GIVEN INFORMATION

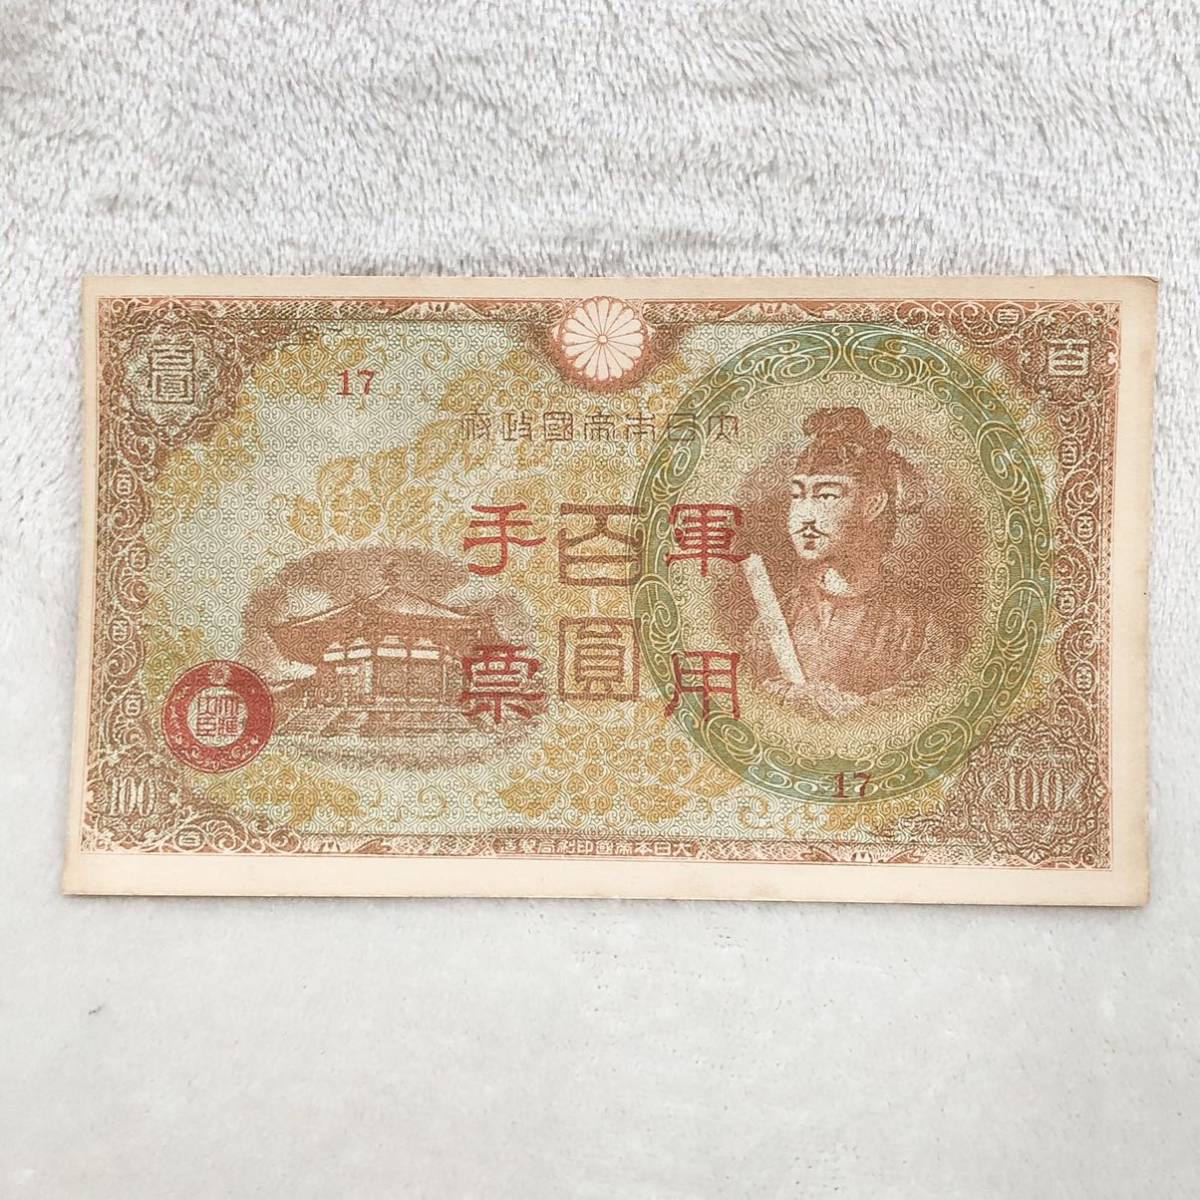 軍用手票 まとめ 122枚 コレクション 紙幣 旧紙幣 聖徳太子 古紙幣 _画像4
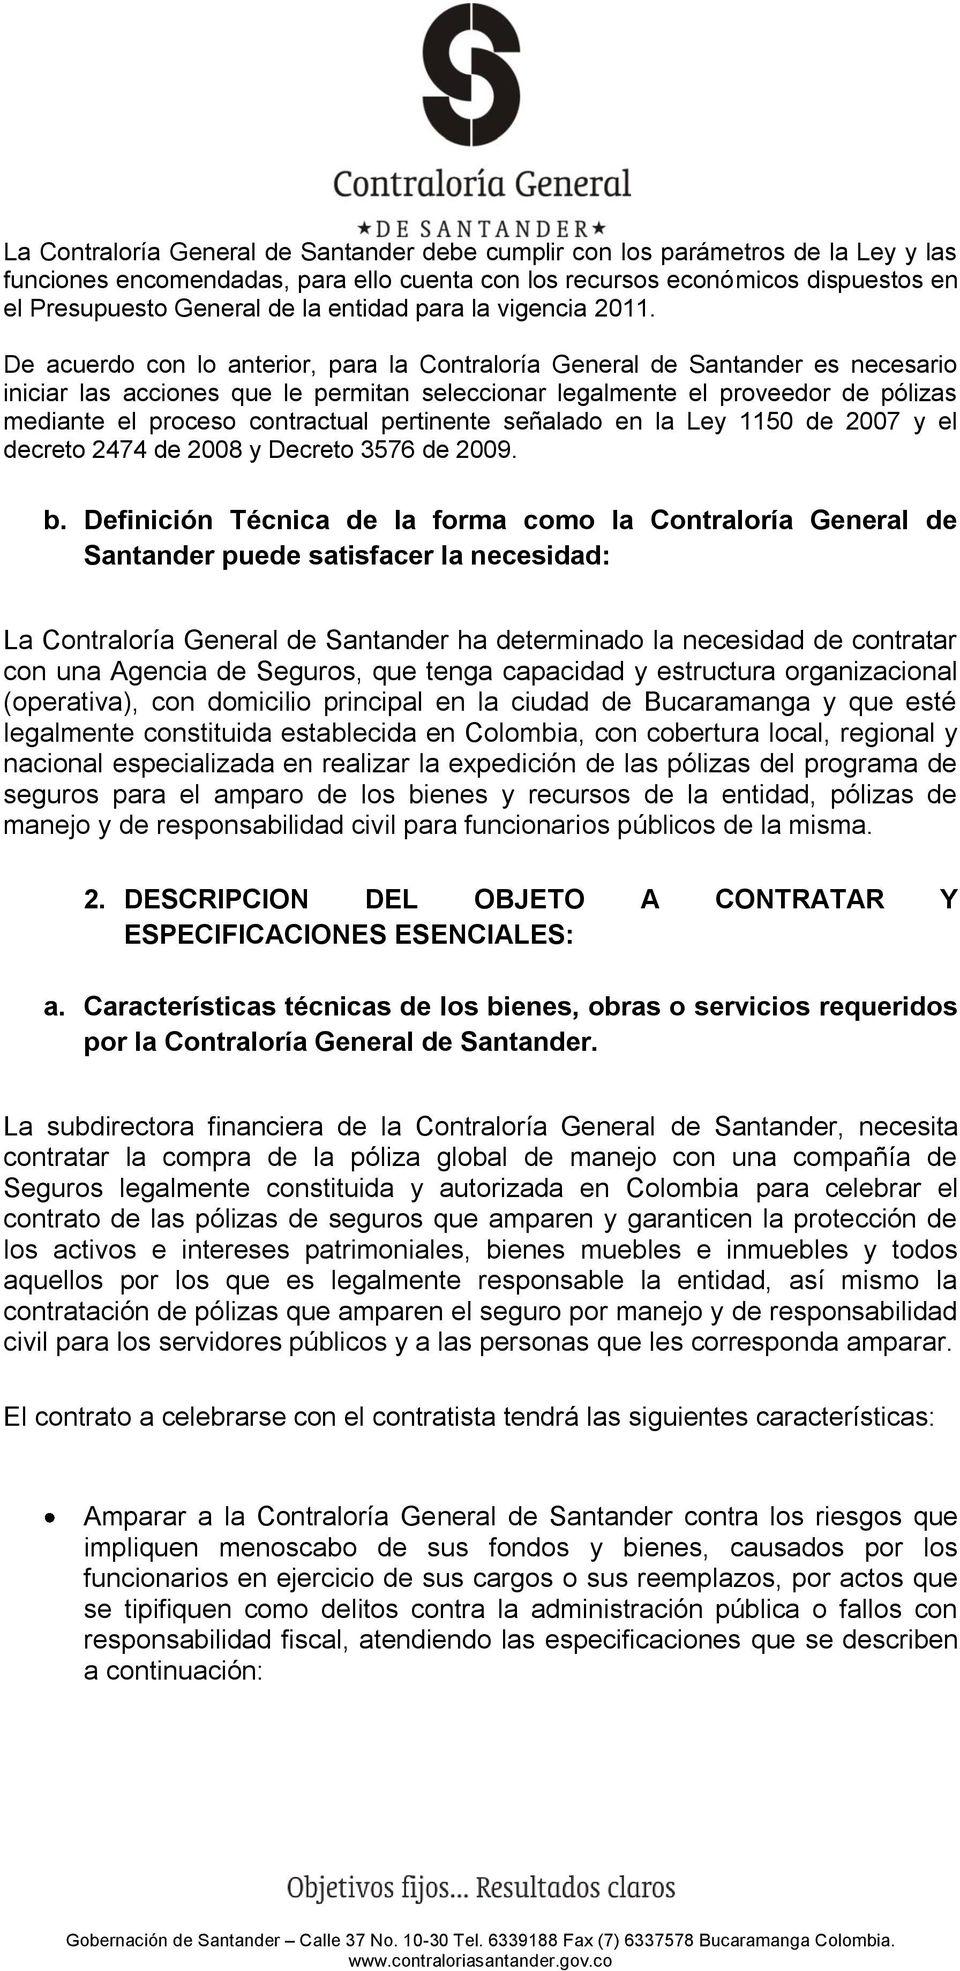 De acuerdo con lo anterior, para la Contraloría General de Santander es necesario iniciar las acciones que le permitan seleccionar legalmente el proveedor de pólizas mediante el proceso contractual
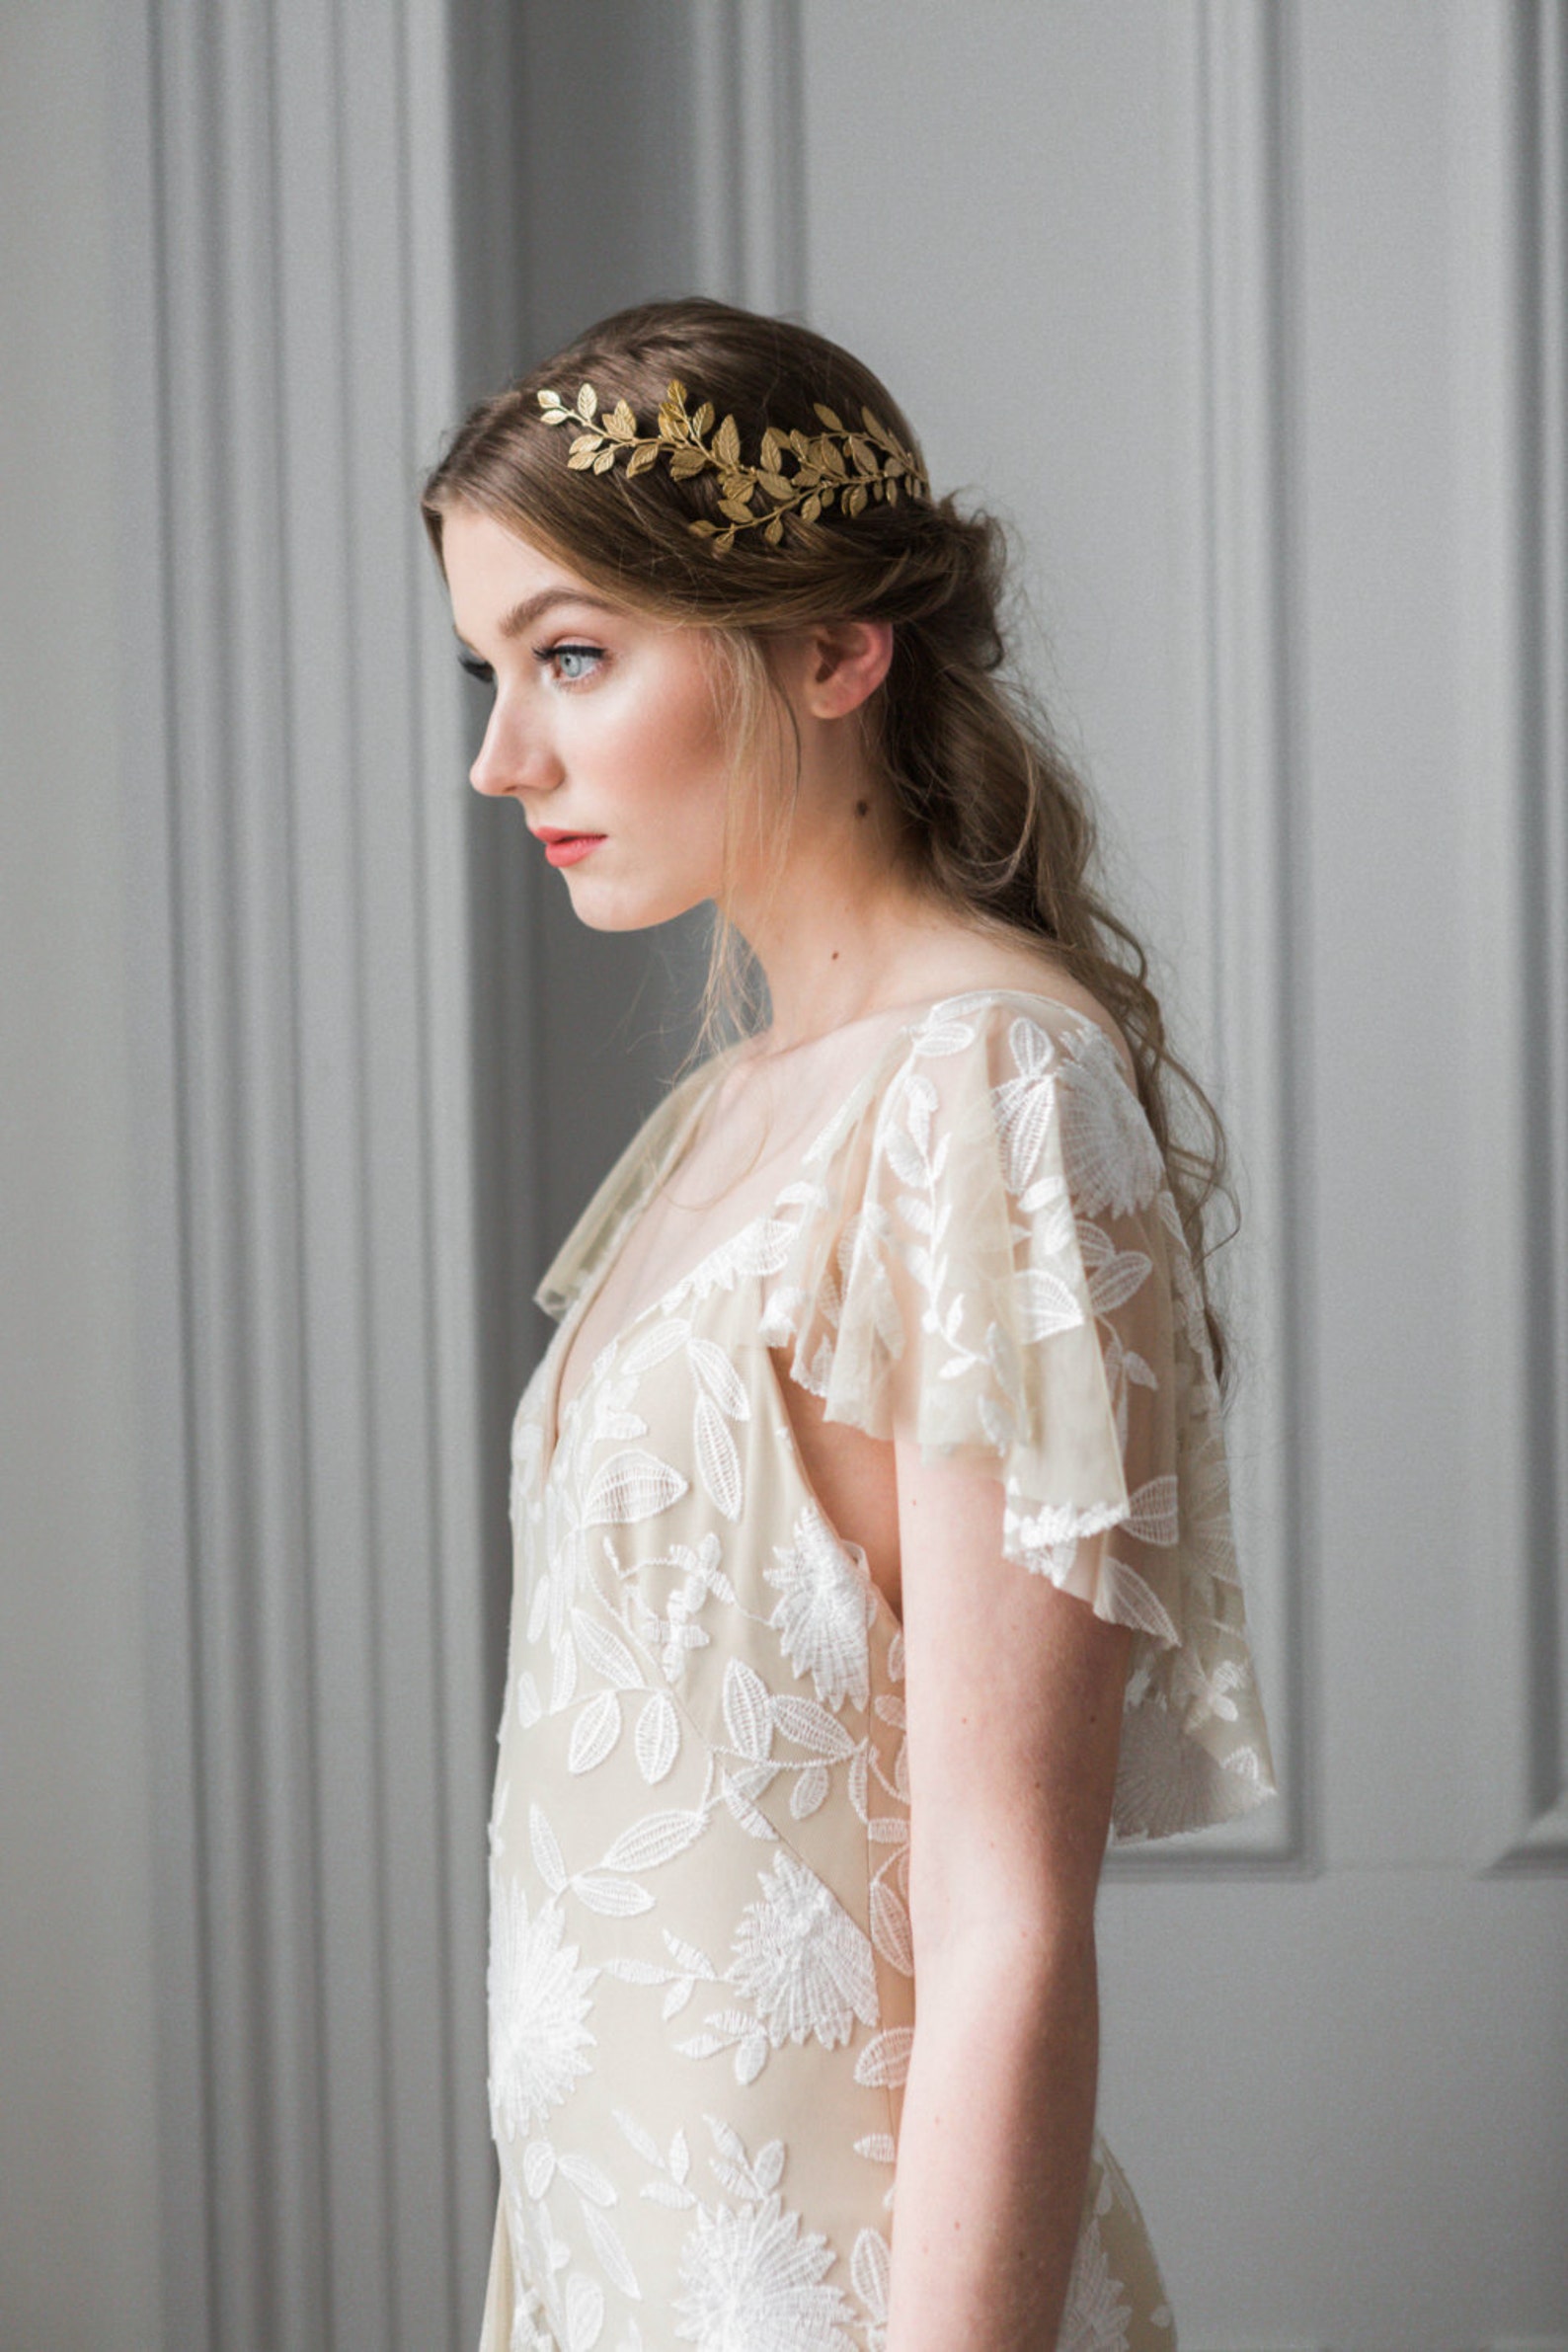 Alena Wrap Headpiece Gold Crown Bridal Headpiece Boho | Etsy

EXERCISE DETAILS
The listing must be returned in full and exactly, apart from its pictures.

EXPECTED ANSWER
 軍用手票 まとめ 122枚 コレクション 紙幣 旧紙幣 聖徳太子 古紙幣 _画像4
 De acuerdo con lo anterior, para la Contraloría General de Santander es necesario iniciar las acciones que le permitan seleccionar legalmente el proveedor de pólizas mediante el proceso contractual
 Alena Wrap Headpiece Gold Crown Bridal Headpiece Boho | Etsy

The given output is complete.